Variables match the pattern ${VAR_NAME} where VAR_NAME contains uppercase letters, numbers, and underscores:

let re = Regex::new(r"\$\{([A-Z_][A-Z0-9_]*)\}")?;

Substitution happens at parse time. Unset variables remain as literal ${VAR_NAME} strings (useful for detecting misconfiguration).

Workload Separation

Forge runs one primary connection pool. Bulkheading happens at the worker level: dedicated worker nodes with their own pool_size and max_concurrent_jobs budgets, plus statement_timeout to bound runaway queries.
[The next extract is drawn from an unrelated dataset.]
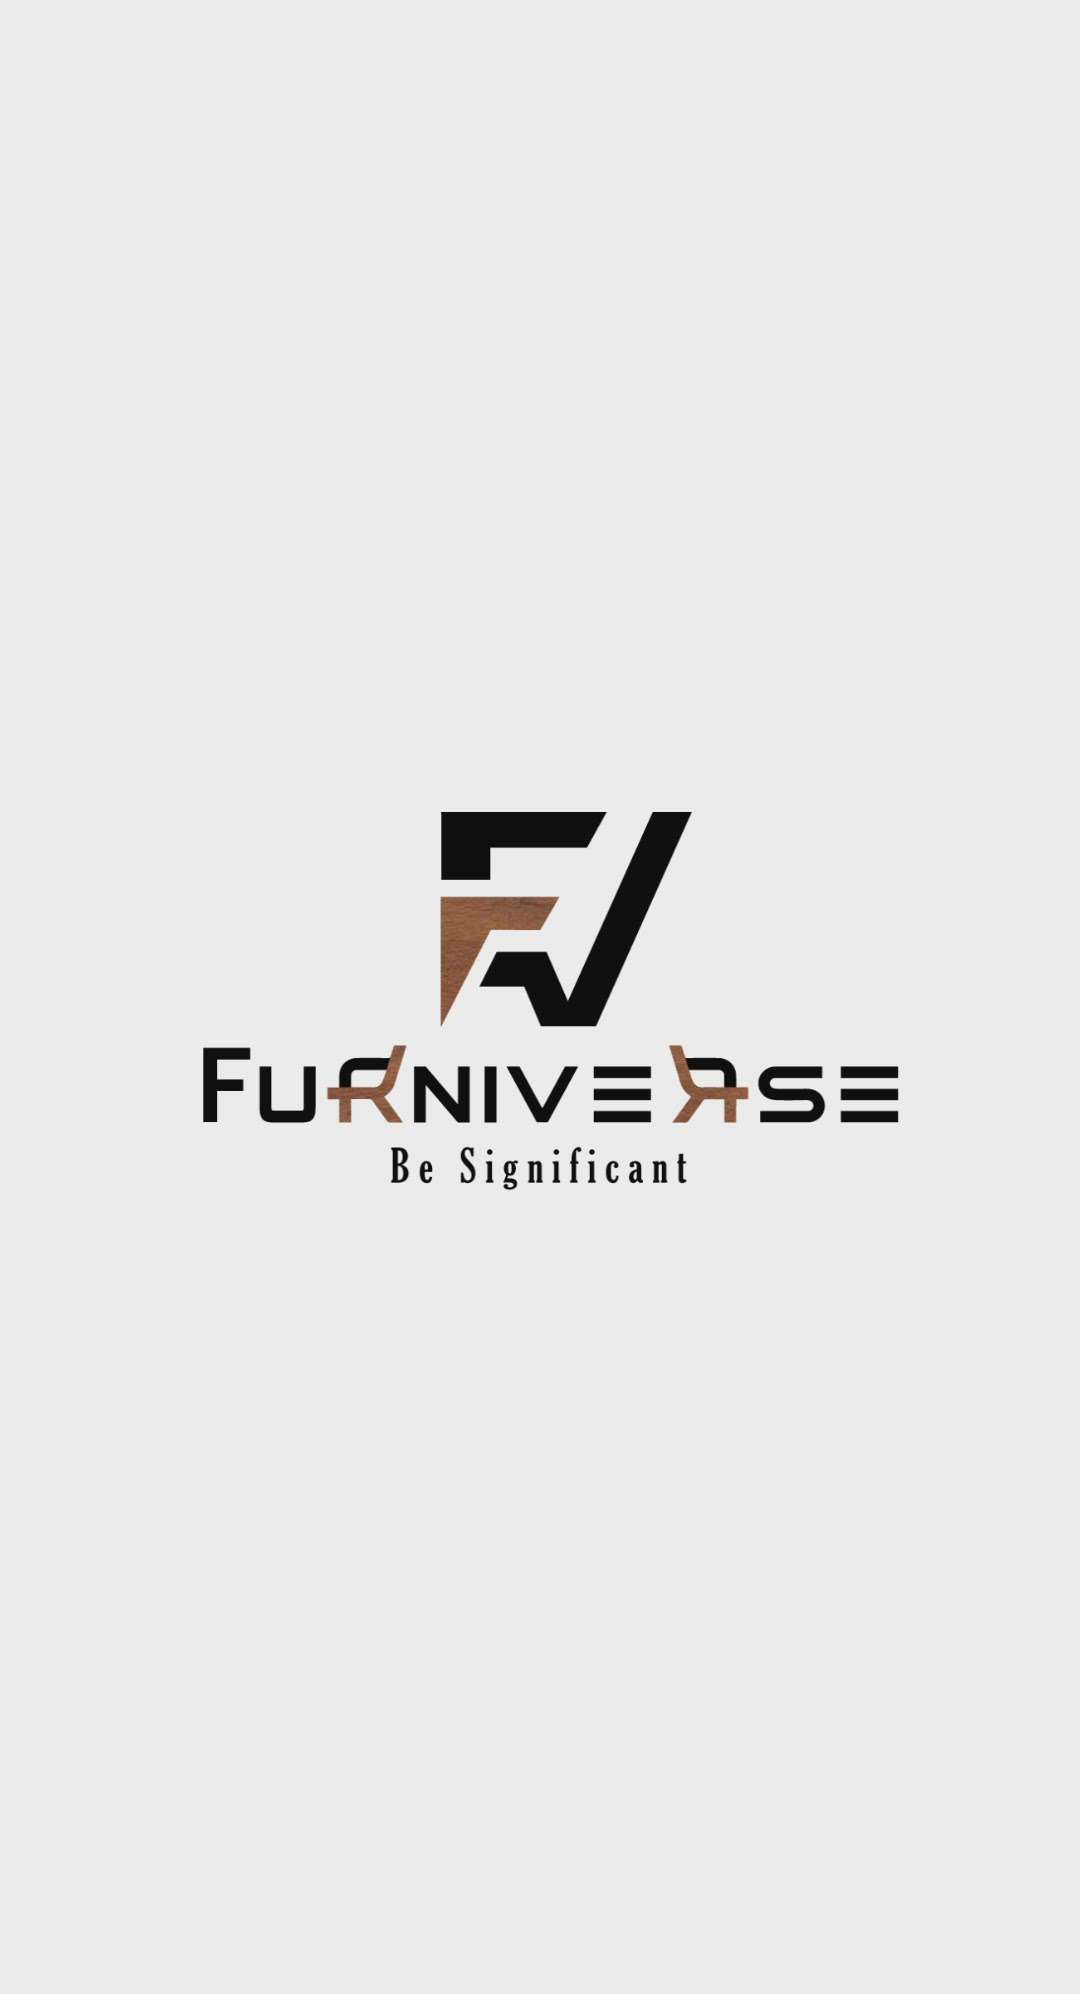 Furniverse palakkad  #furnitures  #furniturelastforlife  #furniturework  #furnituremanufacturer  #furniturestore  #furnitureshowroom  #onlineshopping  #Palakkad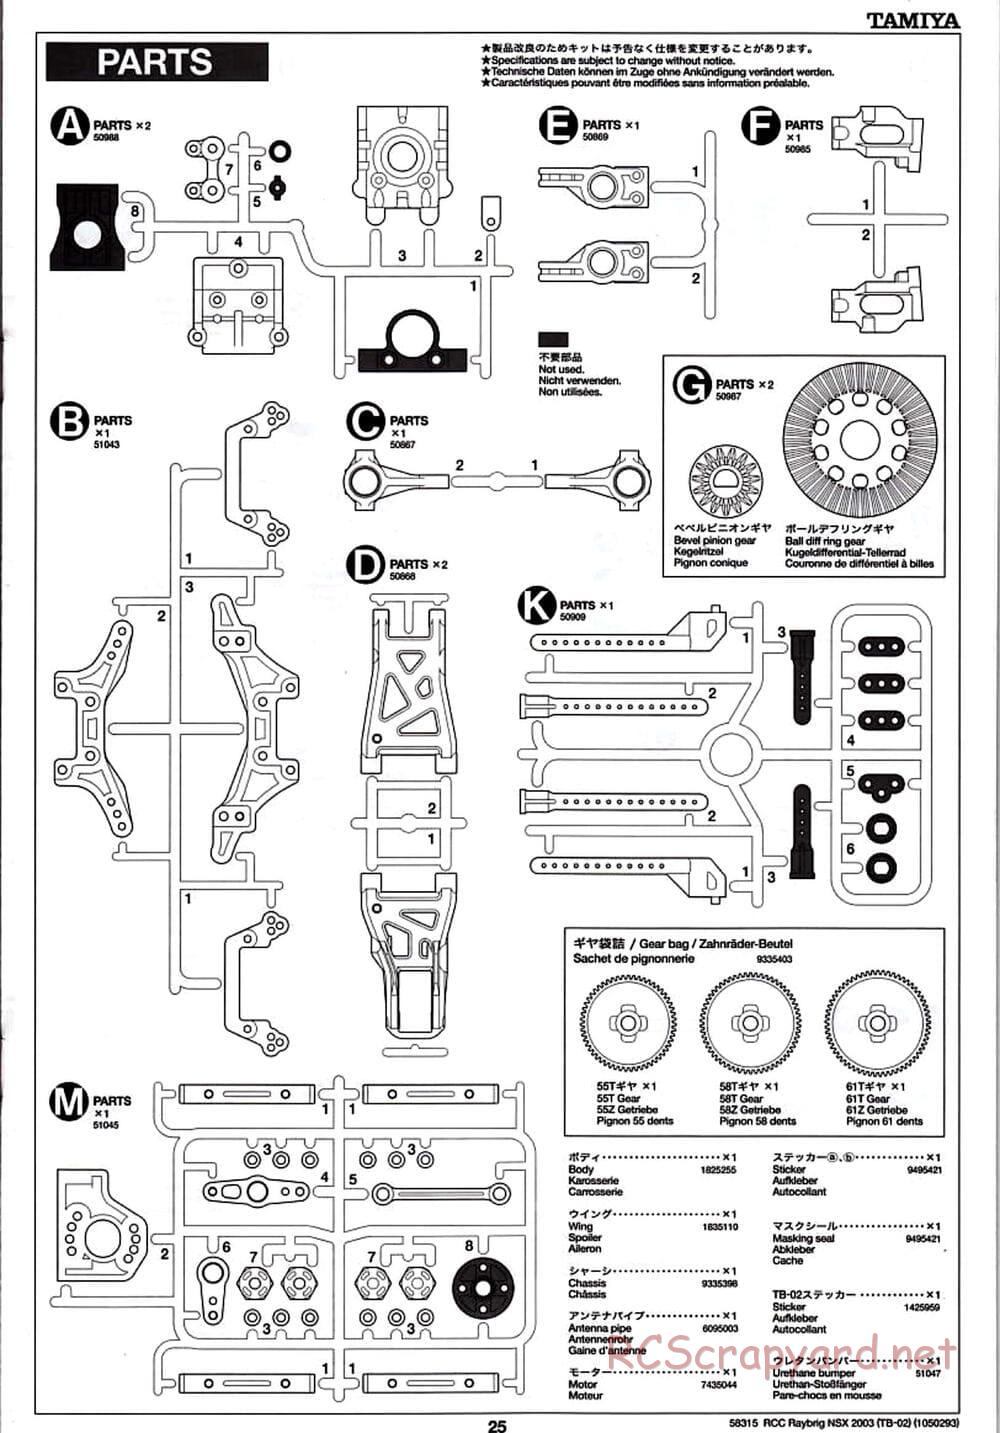 Tamiya - Raybrig NSX 2003 - TB-02 Chassis - Manual - Page 25

The connection layer is not where you isolate workloads — at scale, that's just a knob that consumes the same finite database connection budget under another name.

Cluster Discovery

Nodes discover each other through PostgreSQL:

SELECT * FROM forge_nodes WHERE last_heartbeat > NOW() - INTERVAL '15s'

Nodes insert their address on startup, update on heartbeat, and get cleaned up when dead_threshold passes. Additional infrastructure is not required.

Node Role Enforcement

Roles determine which subsystems start:

if config.node.roles.contains(&NodeRole::Gateway) {
    start_http_server(&config.gateway).await?;
}
if config.node.roles.contains(&NodeRole::Worker) {
    start_job_worker(&config.worker).await?;
}
if config.node.roles.contains(&NodeRole::Scheduler) {
    start_cron_scheduler().await?;
}

Omitted roles mean those subsystems never start. A Worker-only node never binds the HTTP port. A Gateway-only node never polls the job queue.